Created project ./mlx_runs//dQTc_Emax.mlxtran with model: 
     dQTc = (theta0 + eta0) + theta4 * BLQTc_cent + (theta2 + eta2) * Conc/(Conc + theta5)
     Running project... Done.
Created project ./mlx_runs//dQTc_EmaxSigma.mlxtran with model: 
     dQTc = (theta0 + eta0) + theta4 * BLQTc_cent + (theta2 + eta2) * Conc^theta6/(Conc^theta6 + theta5^theta6)
     Running project... Done.
Created project ./mlx_runs//dQTc_Linear.mlxtran with model: 
     dQTc = (theta0 + eta0) + theta4 * BLQTc_cent + (theta2 + eta2) * Conc
     Running project... Done.
Created project ./mlx_runs//dQTc_Linear_effectComp.mlxtran with model: 
     dQTc = (theta0 + eta0) + theta4 * BLQTc_cent + (theta2 + eta2) * Ce with dCe/dt = (Conc - Ce)/theta5
     Running project... Done.
Created project ./mlx_runs//dQTc_LogLinear.mlxtran with model: 
     dQTc = (theta0 + eta0) + theta4 * BLQTc_cent + (theta2 + eta2) * log(1 + Conc/theta5)
     Running project... Done.

Note that in the absence of placebo data, the pre-specified model has been modified and does not contain the TRT term. In addition, in the case of time-matched baseline, the TIME factor is also not needed.

The generated Monolix runs can be opened with the Monolix GUI for inspection.

Report generation

A standard report can be generated using the function quarto_render() and a Quarto template.
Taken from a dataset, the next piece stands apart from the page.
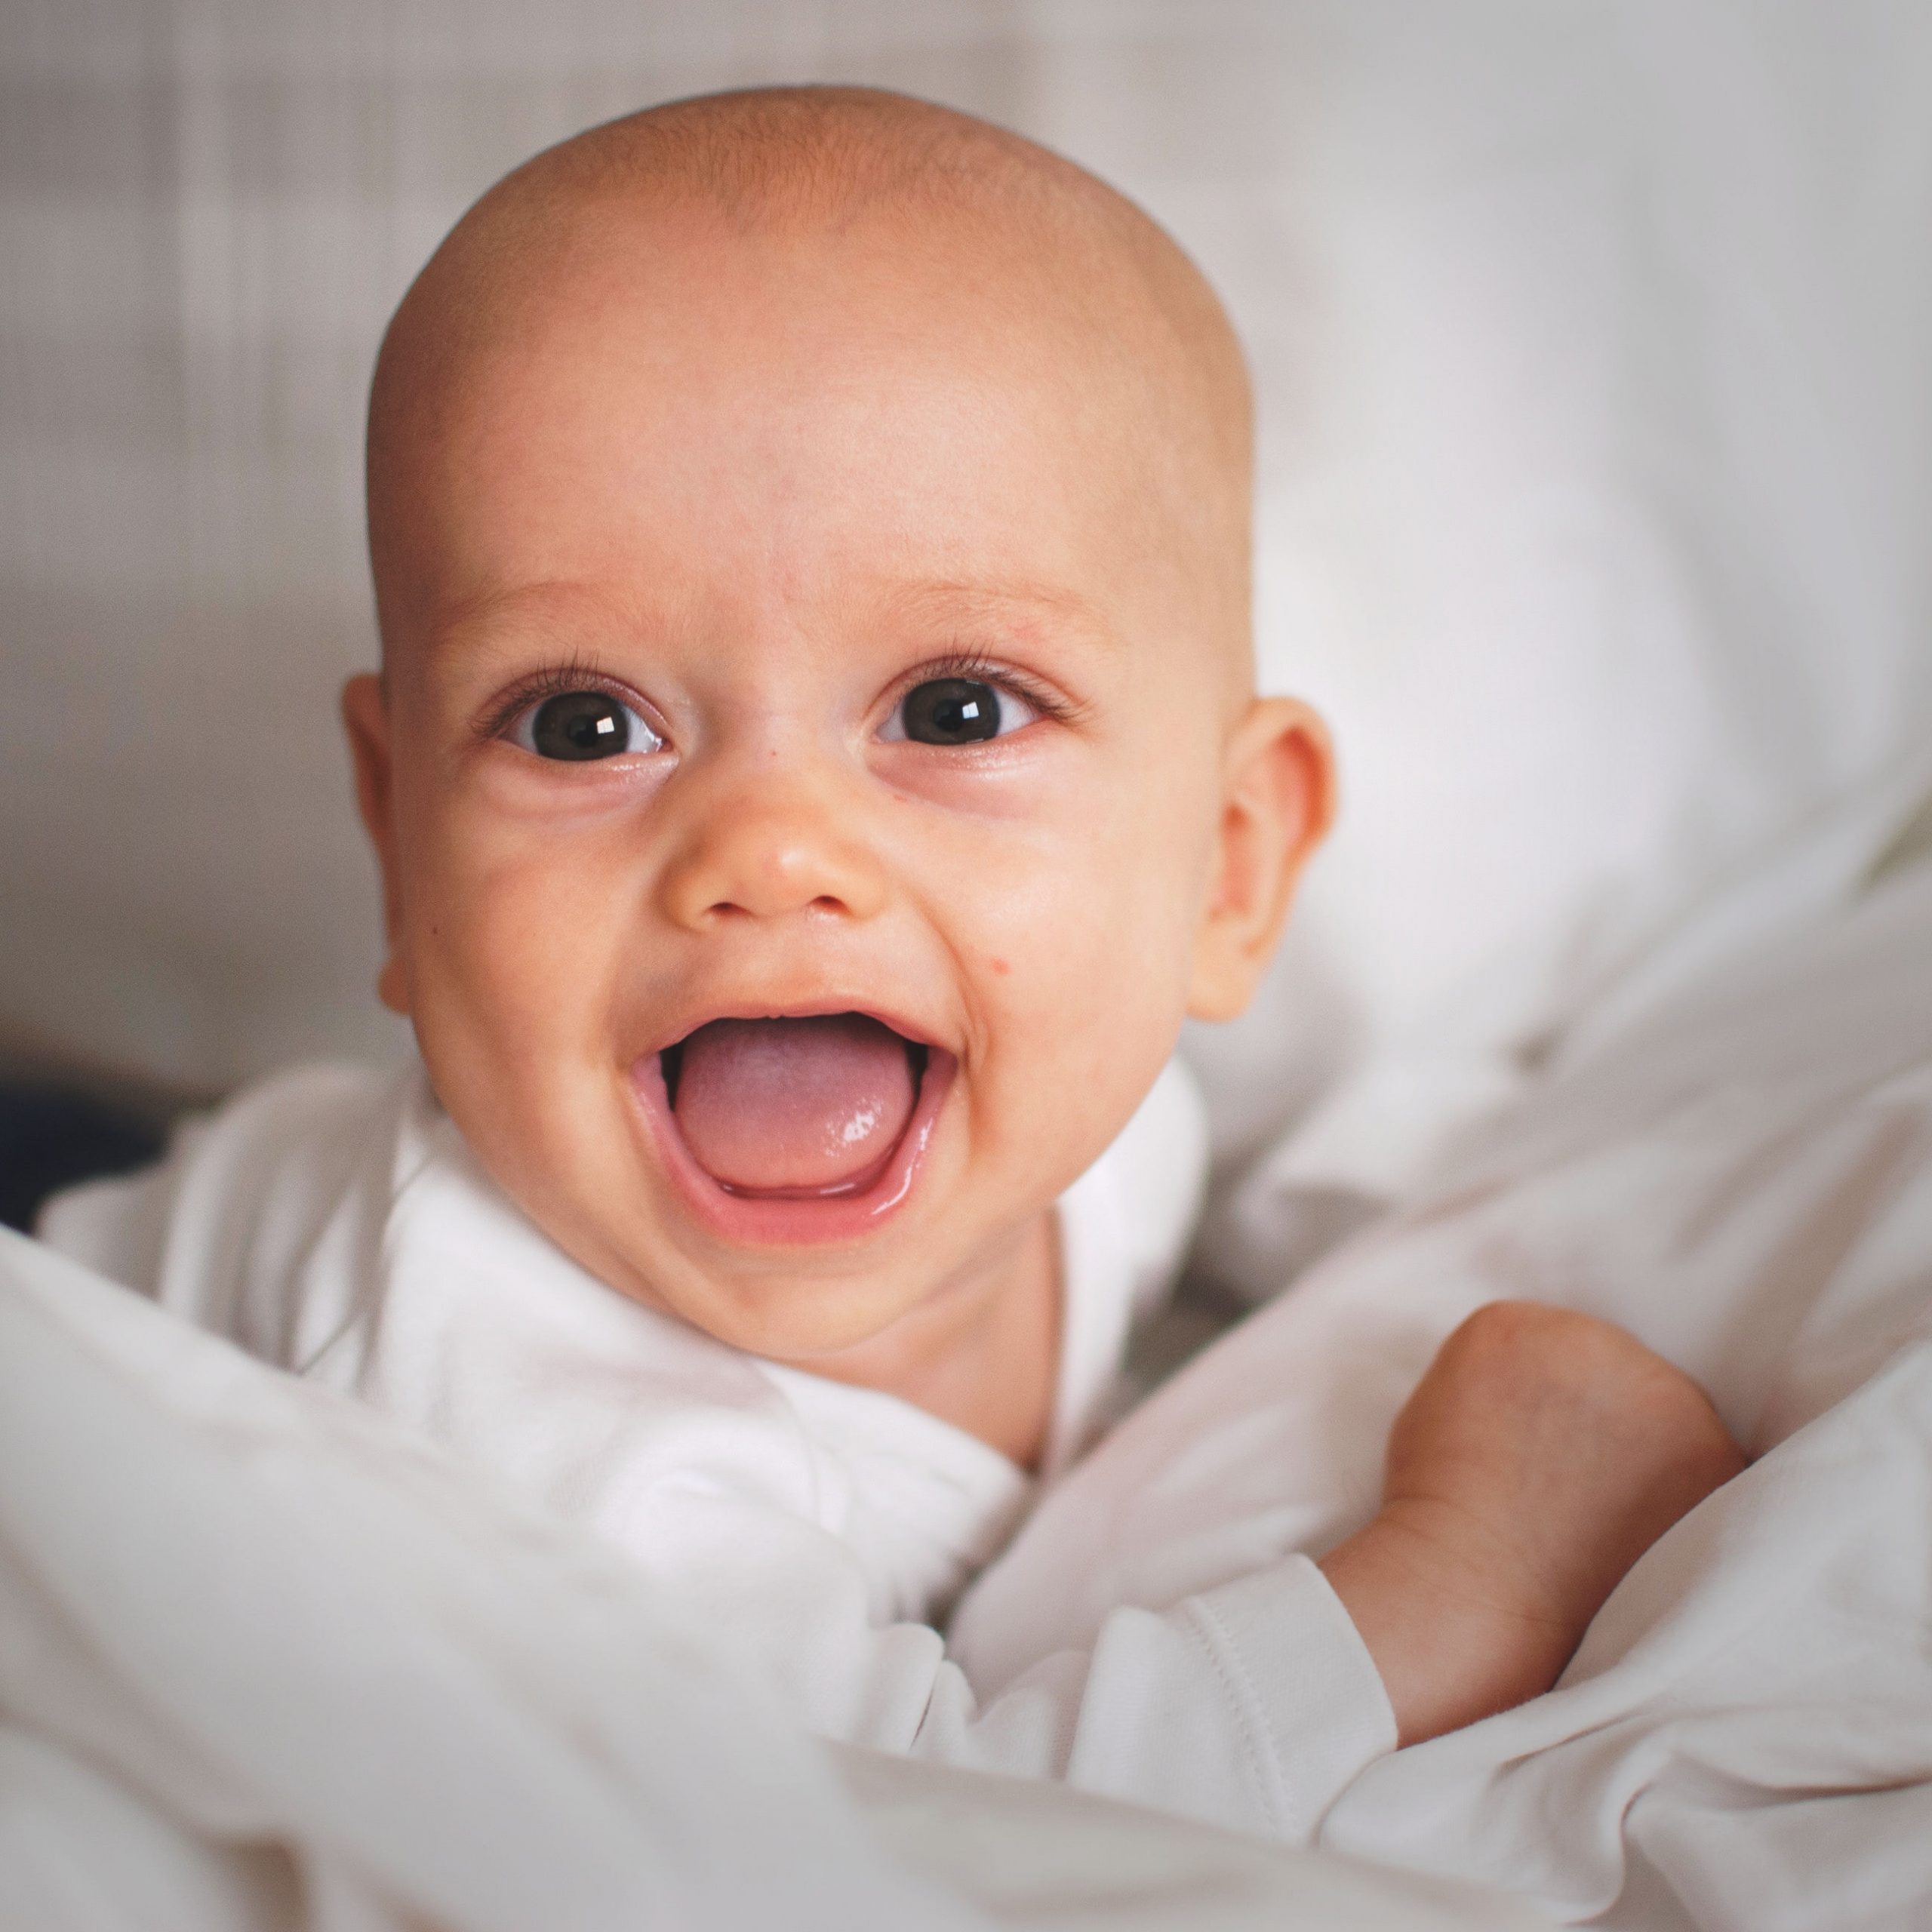 Can a baby develop reflux at 4 months?

The quarto template will read the results from generated Monolix projects and generate a report including:

• Exploratory data analysis (data summary, QT/QTc, heart rate correction, baseline QTc, ΔQTc and concentration-time)
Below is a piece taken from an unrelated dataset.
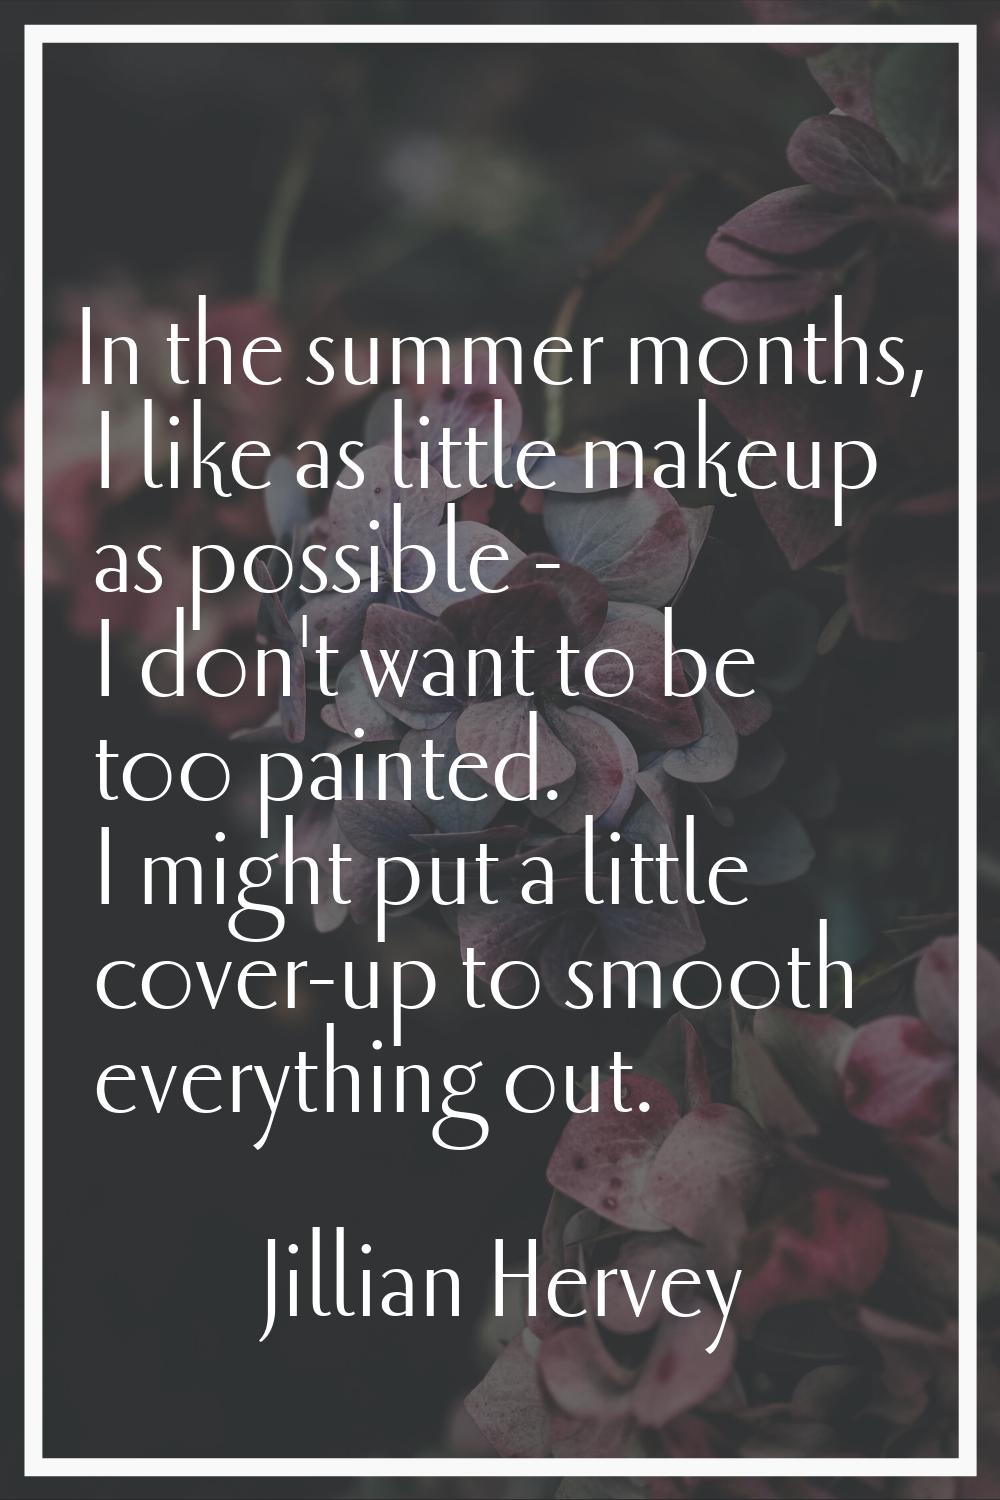 In the summer months, I like as little makeup as possible - I don't want to be too painted. I might

• Model assumption assessments (heart-rate independence from drug concentration, QTc independence from heart rate, linearity of the concentration-QTc relationship, immediate effect of concentration change on ΔQTc change)

• Modeling results (comparison of the different models, model fit, parameter estimates, goodness of fit)

• Derivation of the ΔΔQTc prediction intervals, including assessment of the 10-ms threshold

The quarto function is called in the following way:

quarto_render(input = "../_mlxQTcTools/QTc_quarto_allModels.qmd",
              output_file = "LIX1234_dQTc_report_timeMatched.docx",
              execute_params = list(folderName = "../Example_LIX1234_timeMatchedBaseline/mlx_runs",   # give relative path from quarto template (.qmd) to folder containing runs
                                    compoundName = "LIX1234",
                                    CONCcolumn = "CONC",
                                    TRTcolumn = NULL,
                                    STRATcolumn = "DOSE",
                                    STRATname = "Dose group",
                                    bHasPlacebo = FALSE,
                                    concentrationLabel = "Concentration",
                                    concentrationUnit = "pg/mL",
                                    studyType = "dQTc",
                                    nBins = 10))

The input is the quarto template. A standard quarto template is provided in the package but it can also be adjusted to the users need. The output_file indicates the name of the generated report as word document. The execute_params list the folder containing the Monolix runs in folderName, the string to be used as compound name in compoundName, the column of the formatted dataset containing the concentration in CONCcolumn. The TRTcolumn is set to NULL but DOSE column to be use for plot stratification is indicated in STRATcolumn = "DOSE", and the header/label to be used for the stratification column in STRATname. Then comes a logical to indicate whether the dataset contains placebo data in bHasPlacebo, the type of study using studyType = "dQTc", the concentration unit in concentrationUnit(for plot labels), the number of bins to average the concentration in nBins, and the BICc threshold to consider that an alternative model is better than the linear model in thresBICc.

Note that the folderName must indicate the relative path from the .qmd template (not the R working directory) to the folder containing the runs.

The generated report can be visualized below:

The word version of the report can be download here.

Conclusion

The conc-ΔQTc data for this drug is best captured by an Emax model. The upper bound of the 90% confidence interval at the geometric mean maximum concentration is 28.7 ms and exceeds the 10 ms threshold.